WHAT THE EXERCISE ASKS: Restate the data below word for word, omitting pictures.

GIVEN INFORMATION:
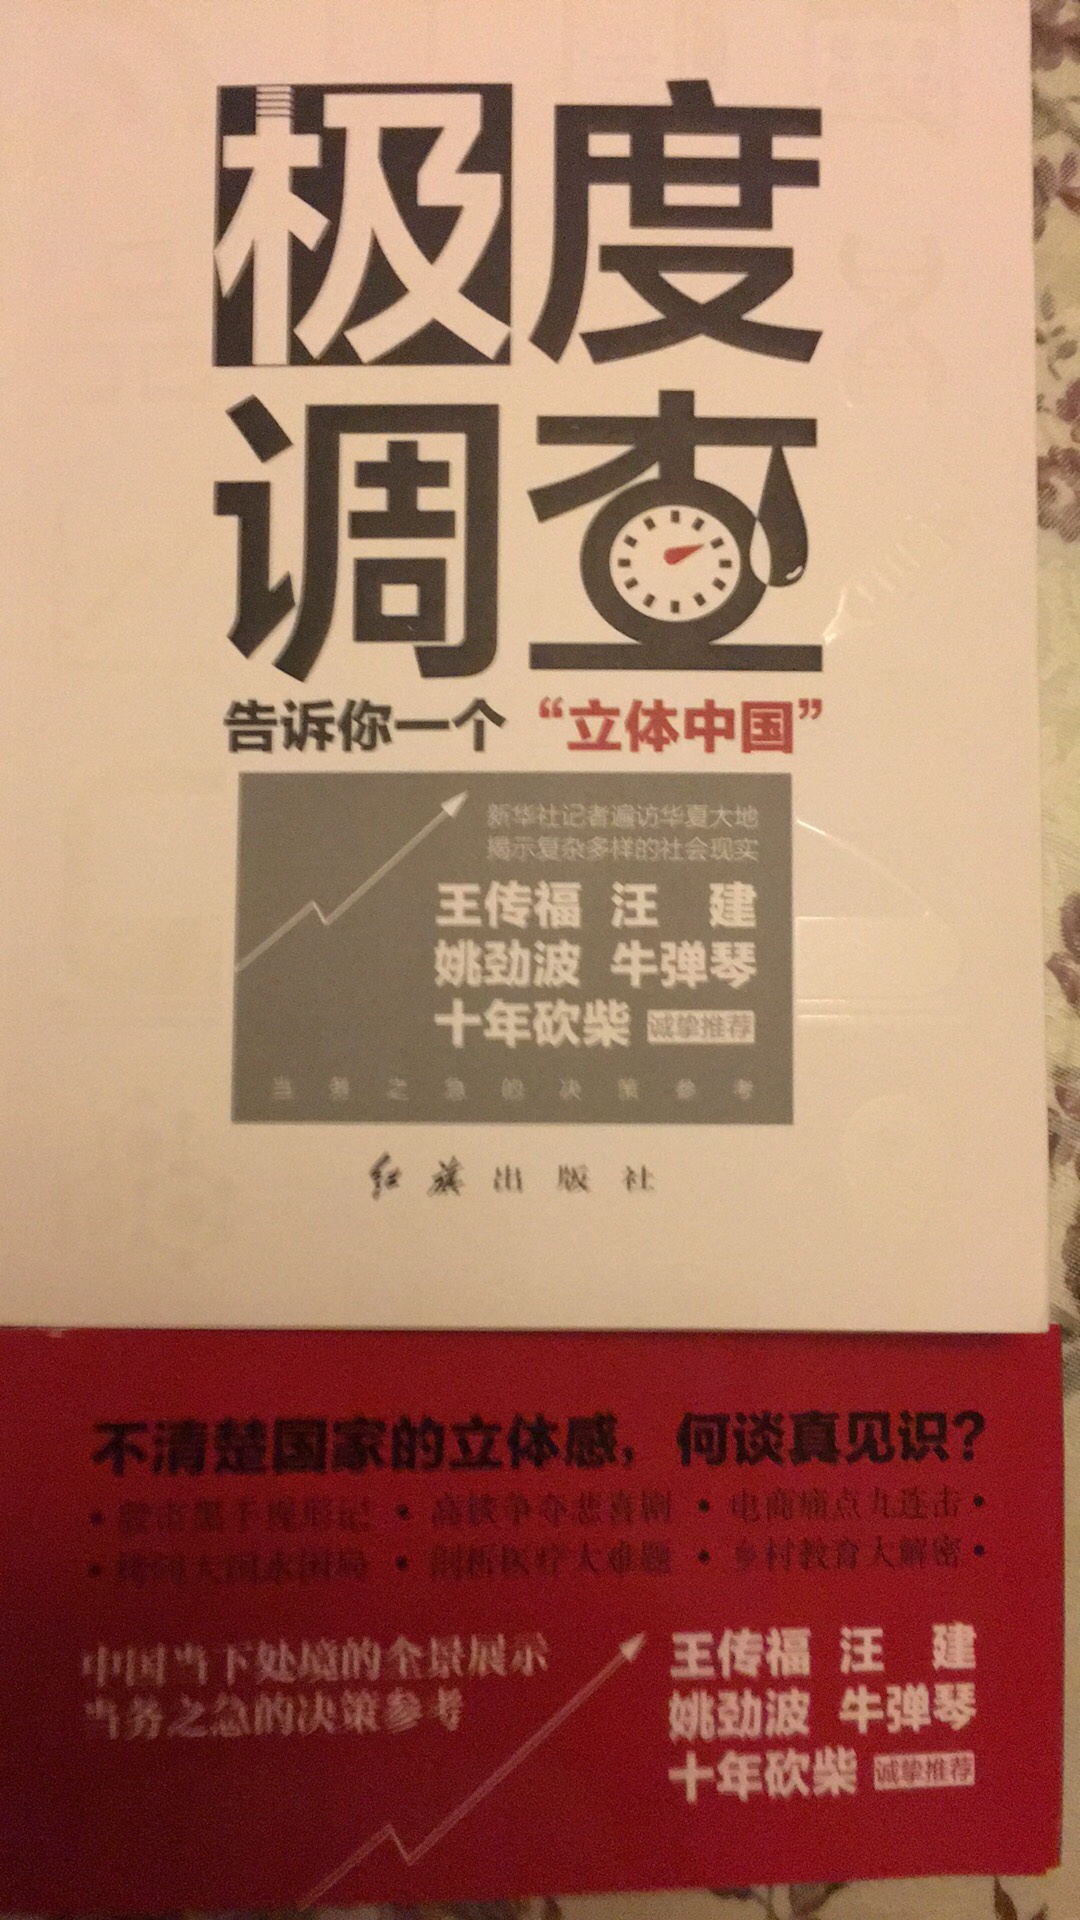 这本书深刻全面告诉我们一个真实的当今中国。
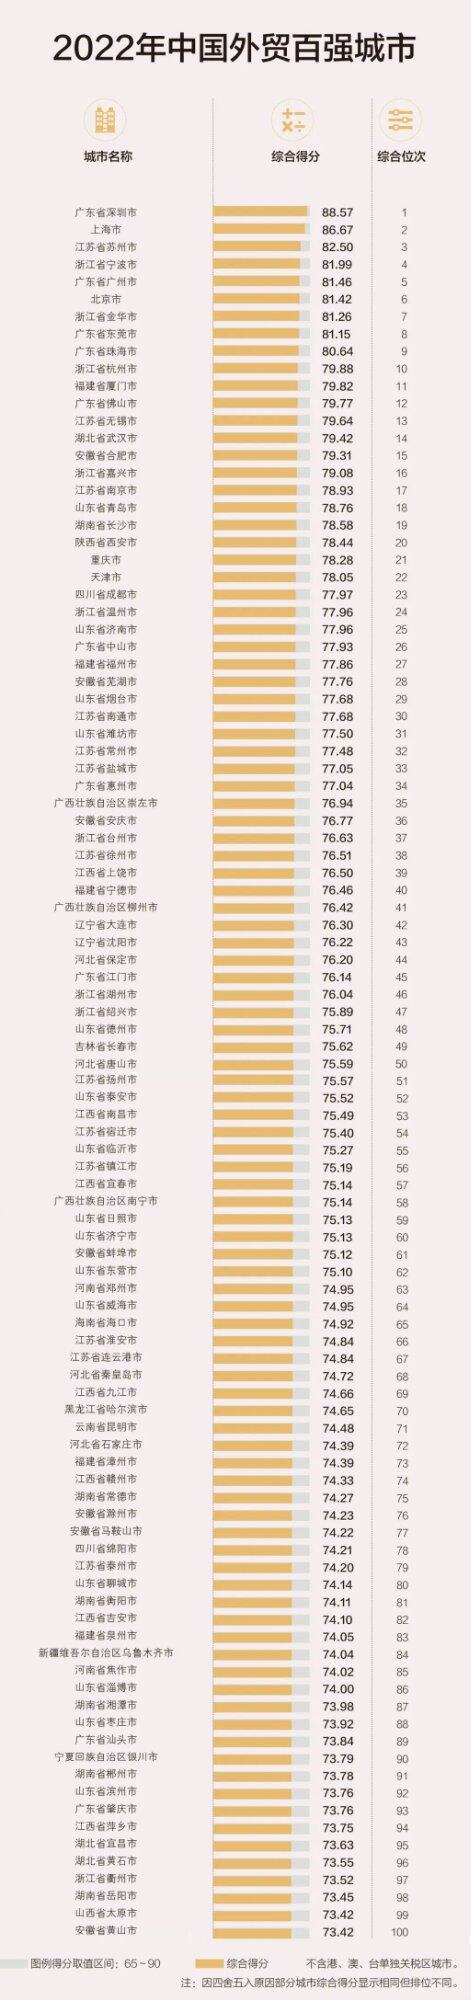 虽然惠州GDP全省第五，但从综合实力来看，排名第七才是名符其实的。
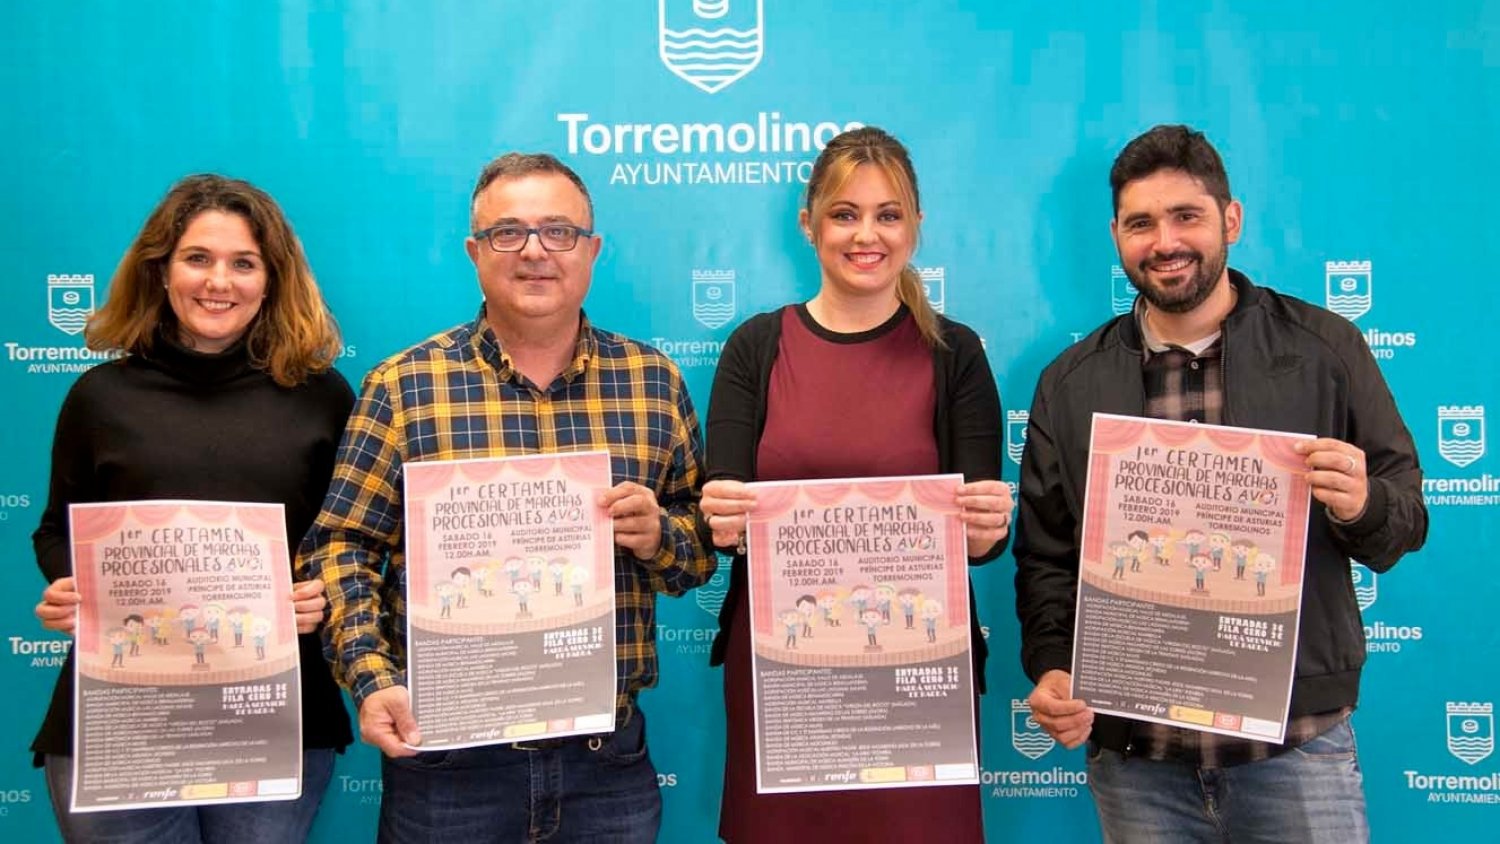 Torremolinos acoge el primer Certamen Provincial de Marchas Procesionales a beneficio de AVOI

REPLY:
 这本书深刻全面告诉我们一个真实的当今中国。
 虽然惠州GDP全省第五，但从综合实力来看，排名第七才是名符其实的。
 Torremolinos acoge el primer Certamen Provincial de Marchas Procesionales a beneficio de AVOI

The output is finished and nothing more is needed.